La Serpeverde riemerse con un libro rilegato in una copertina di pelle verde stretto tra le dita affusolate, sul quale spiccava la scritta dorata “IL DIARIO DI GERTIE”.
Damon rimase impietrito, con la bocca aperta in una perfetta “o” di sorpresa.
«Per Merlino», sillabò lentamente il ragazzo, senza staccare gli occhi dal libro «è per me? Sul serio?».
Evelyn annuì, mentre un lieve sorriso furbo si faceva largo sulle sue candide labbra rosate «ti piace?».

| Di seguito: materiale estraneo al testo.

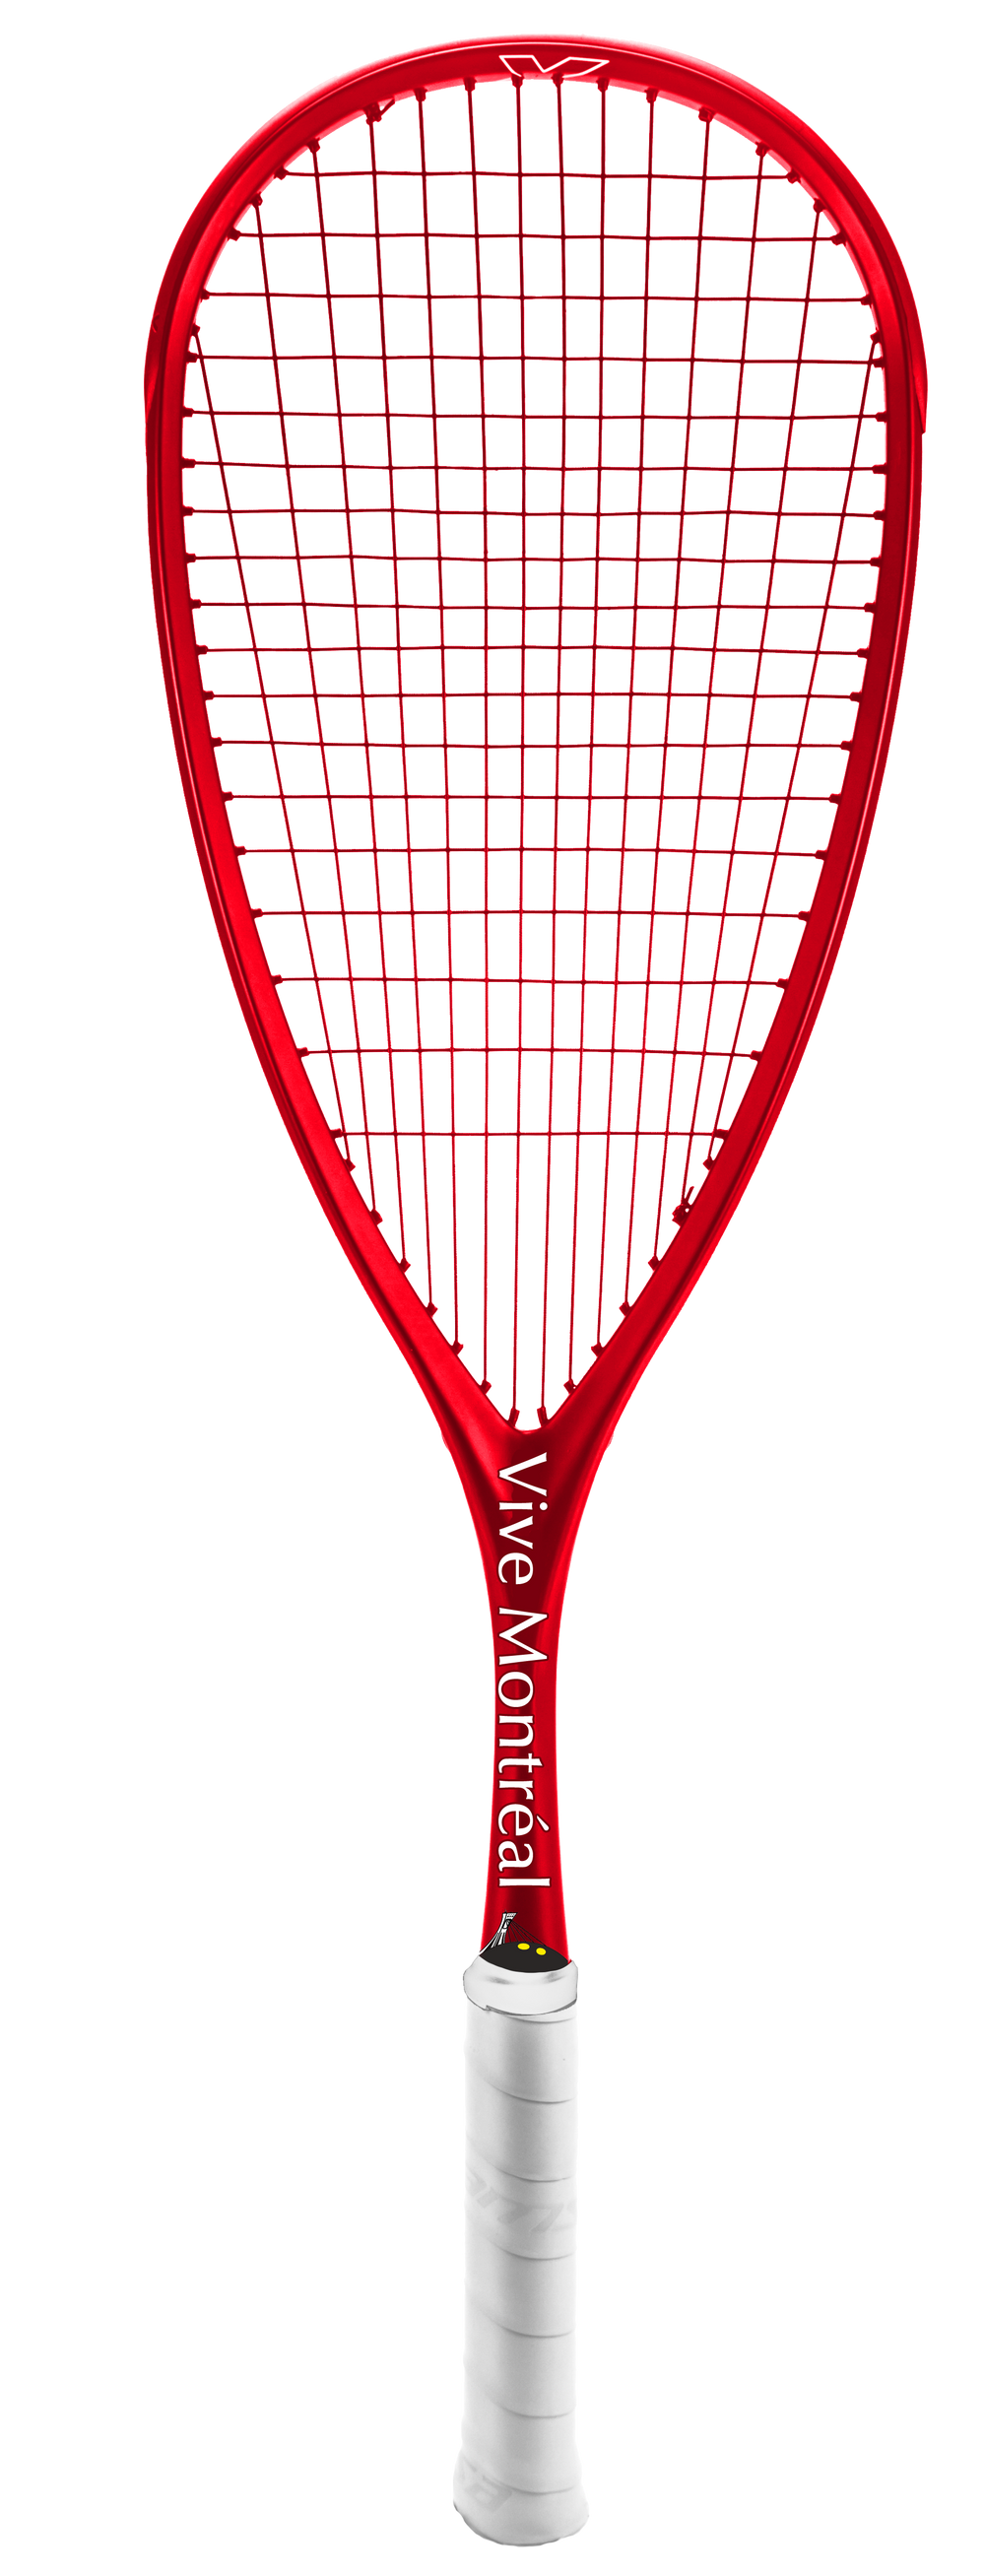 Xamsa Onyx eXposed - Vive Montreal - Limited Edition Squash Racquet Frame - Unstrung - XamsaSquash
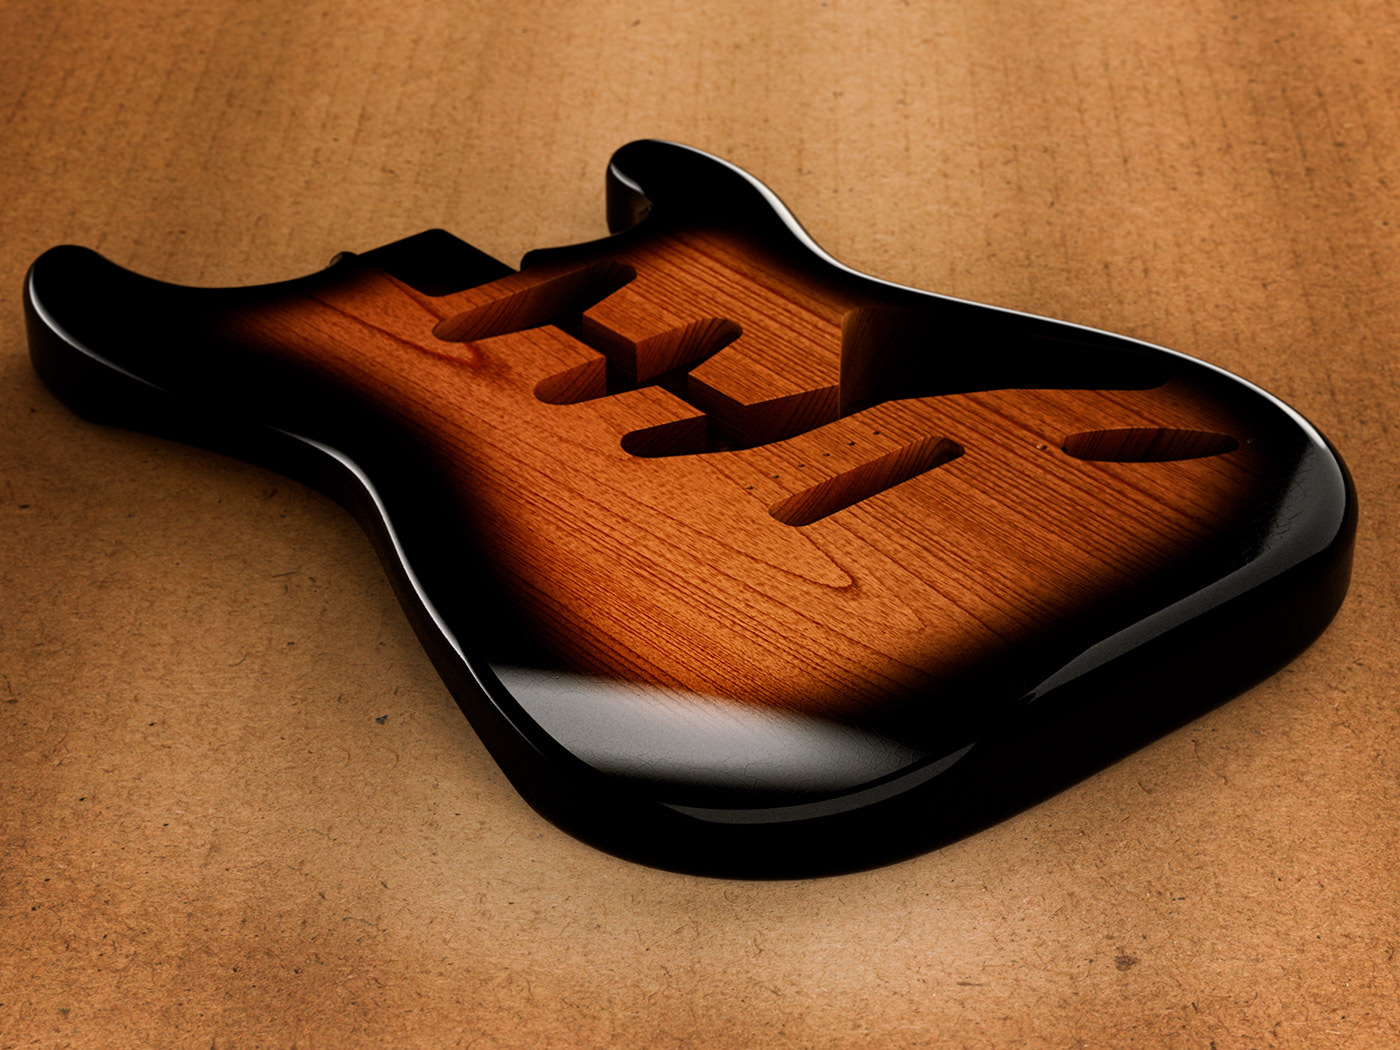 fender stratocaster CGI Render visualization guitar

Damon allungò entrambe le mani verso il tomo, come in trance.
Caris alzò gli occhi al cielo e scosse appena il capo.
Damon le aveva rotto i boccini per anni, per colpa di quella Gertie Keddle, la strega che aveva avuto la malaugurata idea di descrivere il Quidditch
«È...».
Damon sembrava senza parole, tanto che Evelyn temette che sarebbe scoppiato a piangere dalla gioia da un momento all'altro. Fortunatamente, non accadde.
Damon si limitò a stringere il libro tra le dita e a sorridere con gratitudine.
«Dovrebbero farti santa, Evelyn Morgan», commentò «non riuscirò mai a ringraziarti quanto dovrei».
Evelyn, dal canto suo, agitò la mano come se stesse cercando di scacciare qualche moscerino fastidioso.
«Ma figurati», disse scherzosamente, di buon umore «adesso che mi devi un favore potrò ricattarti molto più facilmente».
 
ATTIMO DI DIEM:
Per. Gli. Dèi.
Sembrava impossibile, ma ce l'ho fatta. Forse.
Ho dimenticato qualcuno? Spero proprio di no. Nel caso, fatemi sapere.
Allora, intanto chiedo scusa per le boiate che avrò di certo scritto e poi... boh, non sono molto convinta di questo primo capitolo.
Diciamo che esiste solo per introdurre un po' i personaggi, e non sono certa di averli descritti bene.
Sono inseriti anche alcuni personaggi secondari.